Fast forward 6 months, her team lead gave feedback to her that:

If a task is assigned to her he can forget about it and hope it’s done. If she is in the call with client he(team lead) doesn’t pay much attention because he is sure she will get all the required details to do the work". And, most importantly client side folks prefer talking to her because she grasps things so fast and so well.

If this is not an amazing thing what can be!!!

So, how this magical transformation happened??!!

Let us take a step back and think about what management(Manager, team lead etc) expects from a Developer?

In big enterprise organizations, developers don’t work on shiny new things every day. The challenge is not in learning cutting edge technologies, or mastering all front-end, back-end and DevOps tools. The challenge is in getting things done with the limited available resources in given short time. Many times we might not have enough documentation, the SME’s might not be available all the times. We might need to follow up with SMEs, business folks, talk to other teams in order to get the information required to do our job.

Based on my observation, following qualities made her a good software developer.

Learn on need basis: As and when she come across new things (at day to day work, team discussion etc) she noted them down and came back to me to learn about them.

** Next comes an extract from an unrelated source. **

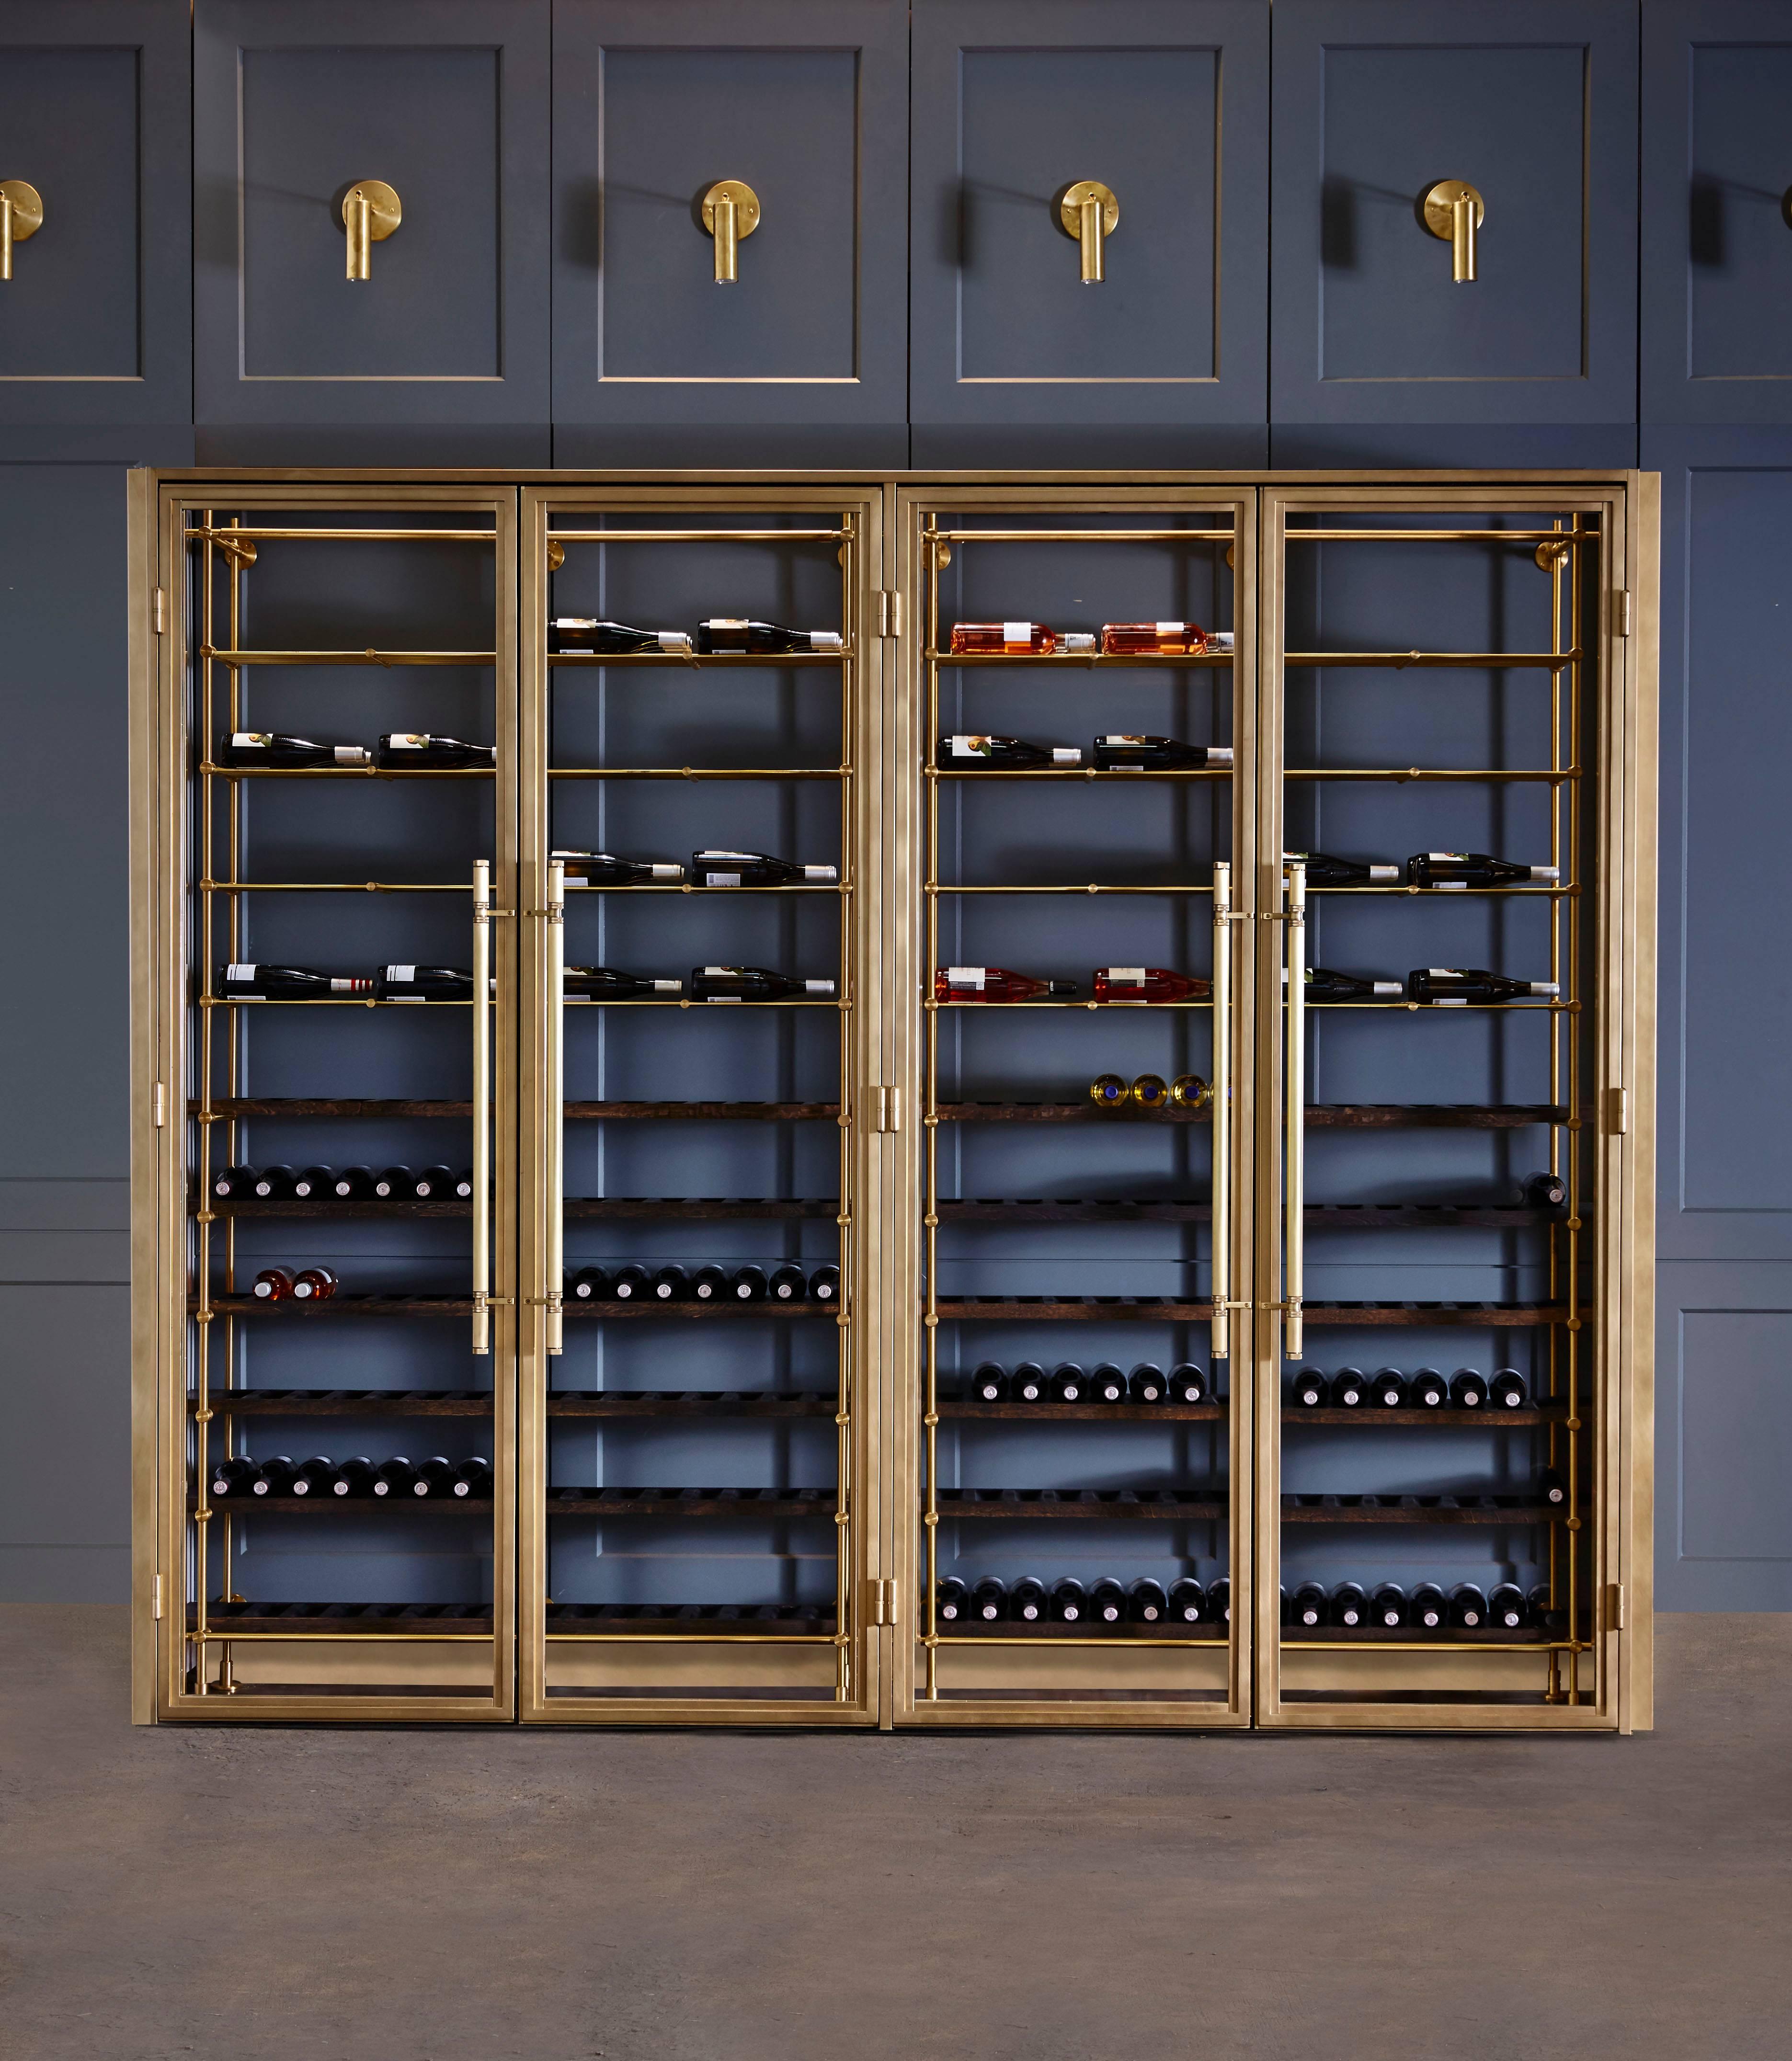 Amuneal’s brass wine room is constructed using the clean mechanical details from our Frankford Panel System. The metalwork is all fabricated from solid brass with a light patinated finish. Each frame is designed to be removable and to capture

Don’t hesitate to ask questions: When she is in calls with team or clients, she won’t hesitate to ask for more details, repeat something if she couldn’t understand what they said until she is clear about the requirement.

Don’t compromise on timelines: Good luck trying to convince her for less timelines. She is very very careful while giving estimates. If she is not sure she can complete the task in given timelines then she openly say it without any hesitation.

Though occasionally her team lead got pissed off at her about not accepting for less timelines, but later slowly he realized that those tasks actually needs more time and appreciated for being strict about timelines.

Get things done: She is a task master. Once a task is assigned to her she will make sure that it is moved to DONE lane. She follows up with the people, gather more details, ask lot of questions, seek other’s help and finally get it done.

Who wouldn’t like to have such team members??!!!

I can’t express how happy I am to see her growing in her career, and I wish her all the best :-)

Though strong technical skills definitely help, to become a successful software developer you no need to be someone who is passionate about technologies, works on pet projects off the hours, master the IDE shortcuts. Overall, what I am trying to say is “Persistence is the key. Getting things done mentality is what management looks for in their team members”.